Supplied entries START
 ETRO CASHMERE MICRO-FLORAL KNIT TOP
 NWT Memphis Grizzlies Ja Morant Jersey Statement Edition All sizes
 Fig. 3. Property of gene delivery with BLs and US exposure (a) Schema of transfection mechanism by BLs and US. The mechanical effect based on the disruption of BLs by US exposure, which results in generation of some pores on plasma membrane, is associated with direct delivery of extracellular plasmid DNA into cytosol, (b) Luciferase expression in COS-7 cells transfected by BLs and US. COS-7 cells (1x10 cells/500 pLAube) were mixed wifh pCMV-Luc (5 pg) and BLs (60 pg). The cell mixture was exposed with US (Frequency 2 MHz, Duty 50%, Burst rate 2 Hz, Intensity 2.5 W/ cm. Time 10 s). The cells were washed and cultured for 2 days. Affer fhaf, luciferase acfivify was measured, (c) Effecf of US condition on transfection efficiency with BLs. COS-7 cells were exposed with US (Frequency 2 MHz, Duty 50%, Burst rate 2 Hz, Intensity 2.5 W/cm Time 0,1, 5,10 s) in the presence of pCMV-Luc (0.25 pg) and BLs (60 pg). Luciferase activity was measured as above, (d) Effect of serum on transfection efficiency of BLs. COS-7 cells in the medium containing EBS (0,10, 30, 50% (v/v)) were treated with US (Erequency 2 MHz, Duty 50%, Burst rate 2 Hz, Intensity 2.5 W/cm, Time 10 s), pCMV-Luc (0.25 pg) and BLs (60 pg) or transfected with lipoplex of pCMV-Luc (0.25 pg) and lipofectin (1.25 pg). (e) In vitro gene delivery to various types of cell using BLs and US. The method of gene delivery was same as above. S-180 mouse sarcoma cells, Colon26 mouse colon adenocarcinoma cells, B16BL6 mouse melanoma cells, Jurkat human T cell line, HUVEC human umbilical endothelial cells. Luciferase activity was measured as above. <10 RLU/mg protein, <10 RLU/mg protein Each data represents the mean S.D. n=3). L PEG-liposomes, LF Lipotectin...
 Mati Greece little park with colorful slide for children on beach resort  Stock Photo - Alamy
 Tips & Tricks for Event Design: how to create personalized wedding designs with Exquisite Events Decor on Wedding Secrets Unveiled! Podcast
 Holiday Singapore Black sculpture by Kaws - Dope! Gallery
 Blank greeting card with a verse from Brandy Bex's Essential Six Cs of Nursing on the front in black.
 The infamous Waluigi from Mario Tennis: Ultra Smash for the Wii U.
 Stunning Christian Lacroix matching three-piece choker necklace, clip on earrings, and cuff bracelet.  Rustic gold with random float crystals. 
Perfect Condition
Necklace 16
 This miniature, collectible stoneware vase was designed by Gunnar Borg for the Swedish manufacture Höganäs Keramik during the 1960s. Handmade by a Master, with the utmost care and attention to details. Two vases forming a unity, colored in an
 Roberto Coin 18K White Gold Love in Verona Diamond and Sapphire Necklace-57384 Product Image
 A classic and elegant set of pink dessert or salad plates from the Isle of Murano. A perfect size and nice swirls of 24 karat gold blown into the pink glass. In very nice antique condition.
Supplied entries END
* **Description of the task**: Where the line holding "Holiday Singapore Black" appears in the listing above, start reproducing exactly, and end with the line holding "The infamous Waluigi".

* **Answer box**:
 Holiday Singapore Black sculpture by Kaws - Dope! Gallery
 Blank greeting card with a verse from Brandy Bex's Essential Six Cs of Nursing on the front in black.
 The infamous Waluigi from Mario Tennis: Ultra Smash for the Wii U.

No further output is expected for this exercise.